Thus speaking, the soldier directed his spear to the side of Jesus, and cleaved the flesh to his heart. John, who stood near, and saw and heard all, upon seeing this done bowed his head to the earth in total abandonment of hope!

When he raised his head to gaze upon his crucified Master, he saw flowing from the rent in his side two fountains together, one of crimson blood, and lo! the other of crystal water! He could not believe what he saw, until the soldiers and the centurion expressed aloud their wonder at such a marvel.

"Never was such a man crucified before," exclaimed the centurion.

In the meanwhile, Rabbi Joseph, the counsellor of Arimathea, who stands high in favor with Pilate, met the Governor as he was skirting the wall of the city with his cohort, and asked him if, after Jesus should be pronounced dead, he might take down the body and give it sepulchre.

"Go and receive the body of this wonderful man," said Pilate. "Methinks thou art one who knew him well.

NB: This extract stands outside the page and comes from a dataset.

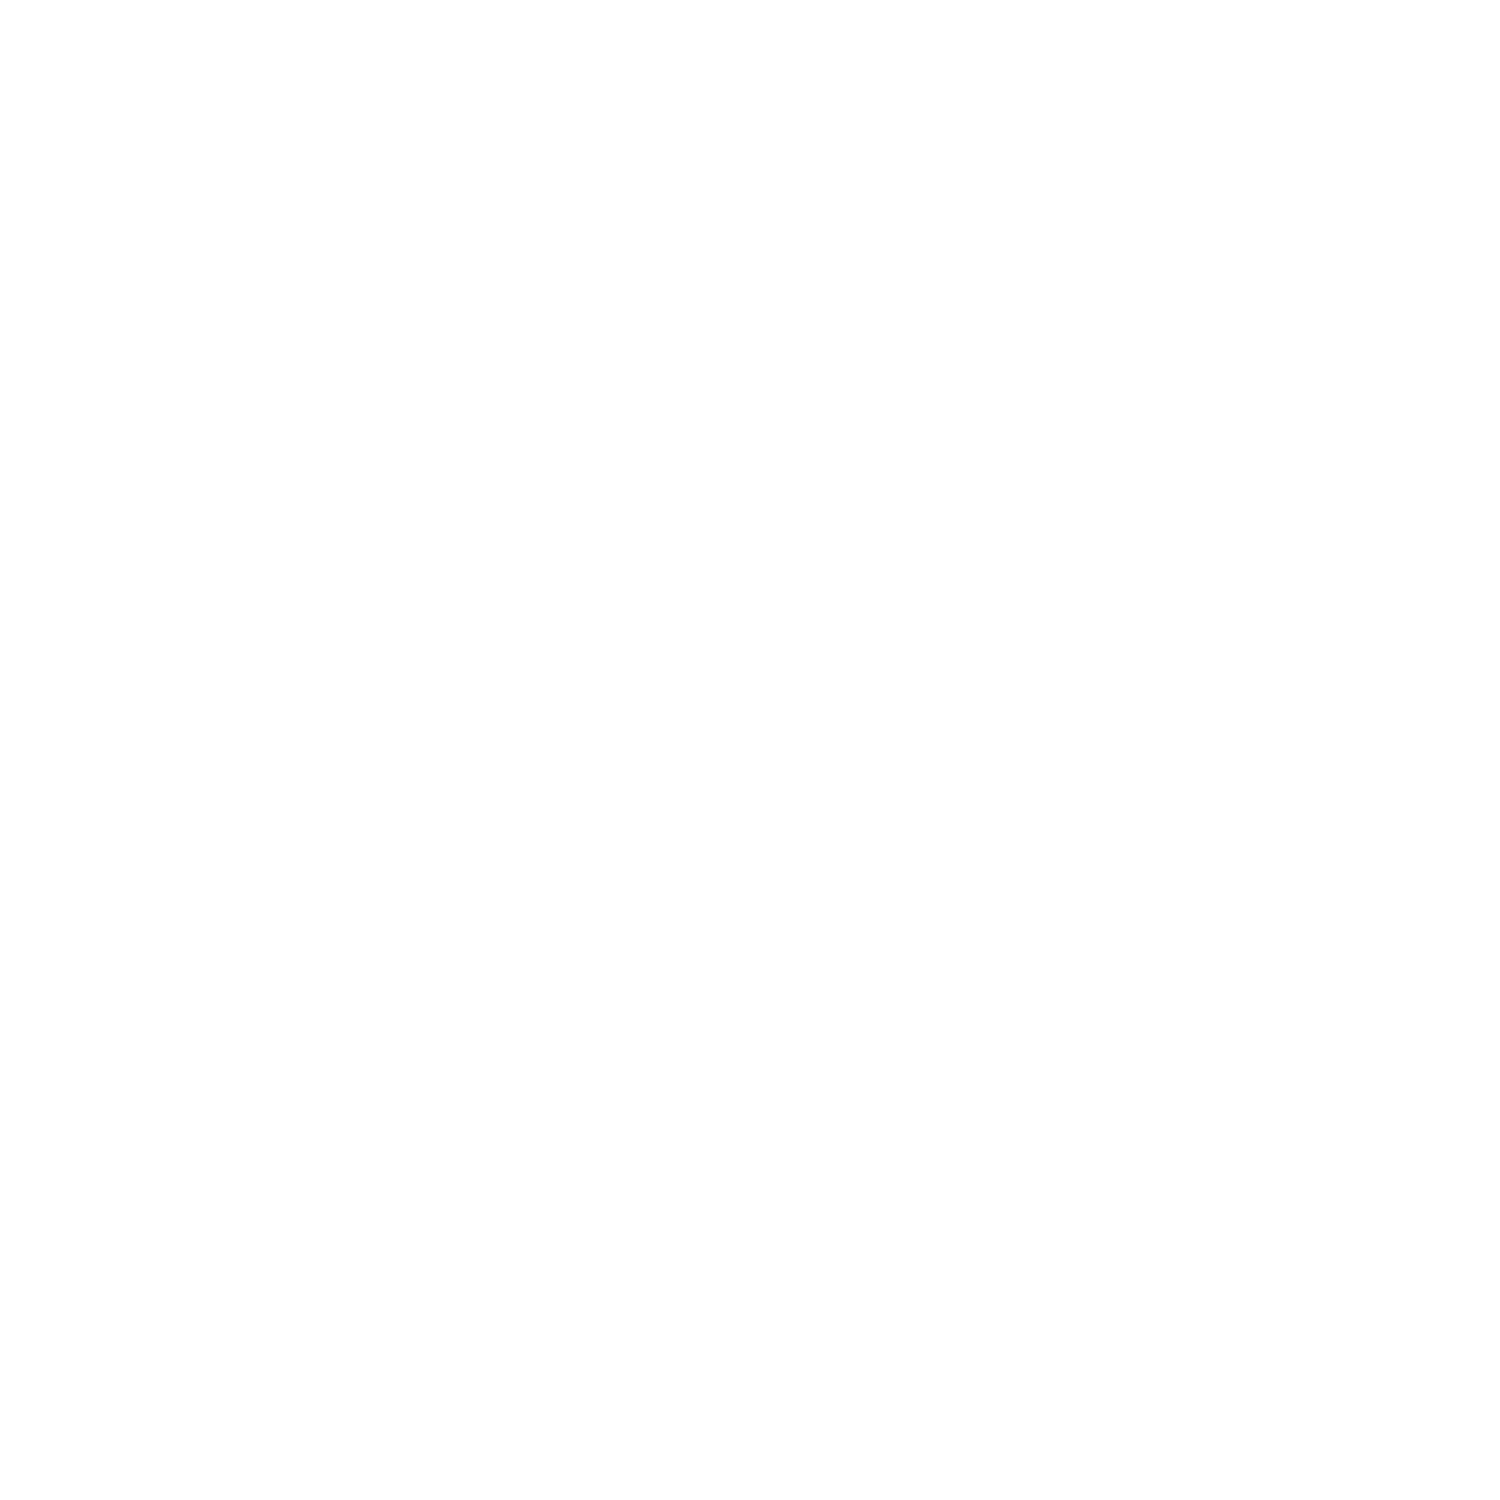 Moda Beauty Bar

What thinkest thou of him, Rabbi?" Joseph perceived that Pilate asked the question with deep interest, seemingly very greatly troubled in mind, and he answered him boldly:

"I believe that he was a Prophet sent from God, your excellency, and that to-day has died on Calvary the most virtuous, the wisest, and the most innocent man in Cæsar's empire."

"My conscience echoes your words," answered Pilate, gloomily; and putting spurs to his horse, he galloped forward in the direction of the Gethsemane Gardens.

Proceeding to the cross, Joseph, by the aid of Lazarus, Simon Peter, Mary, Martha, and Rabbi Amos, took it out of the socket in the rock, with its precious burden, and gently laid it upon the ground with the body still extended upon it.

In the still, holy twilight of that dread day, the west all shadowy gold and mellow light, the air asleep, and a sacred silence reigning in heaven and on earth, they bore away from the hill of death the body of the dead Prophet. The shoulders of Nicodemus, of Peter, of Lazarus, and of John, gently sustained the loving weight of Him they once honored above all men, and whom, though proved by his death, as they believed, to have fatally deceived himself as to his divine mission as the Christ, they still loved for his sorrows so patiently borne, for his virtues so vividly remembered.

Slowly the little group wound their way along the rocky surface of Golgotha, the last to leave that fearful place in the coming darkness. Their measured tread, their low whispers, the subdued wail of the women who followed the rude bier of branches, the lonely path they trod, all combined to render the spectacle one of touching solemnity. The shades of evening were gathering thick around them. They took secret ways for fear of the Jews. But some that met them turned aside with awe when they knew what corpse was borne along, for the impression of the appalling scenes of the day had not yet wholly passed away from their minds. At length they reached a gate in the wall of the garden attached to the noble abode of the wealthy Rabbi Joseph, who went before, and with a key unlocked it, and admitted them into the secluded enclosure. Here the thickness of the foliage of olive and fig trees created complete darkness; for by this time the evening star was burning like a lamp in the roseate west. They rested the bier upon the pavement beneath the arch, and awaited in silence and darkness the appearance of torches which Rabbi Joseph had sent for to his house. The servants bearing them were soon seen advancing, the flickering light from the flambeaux giving all things visible by it a wild aspect, in keeping with the hour.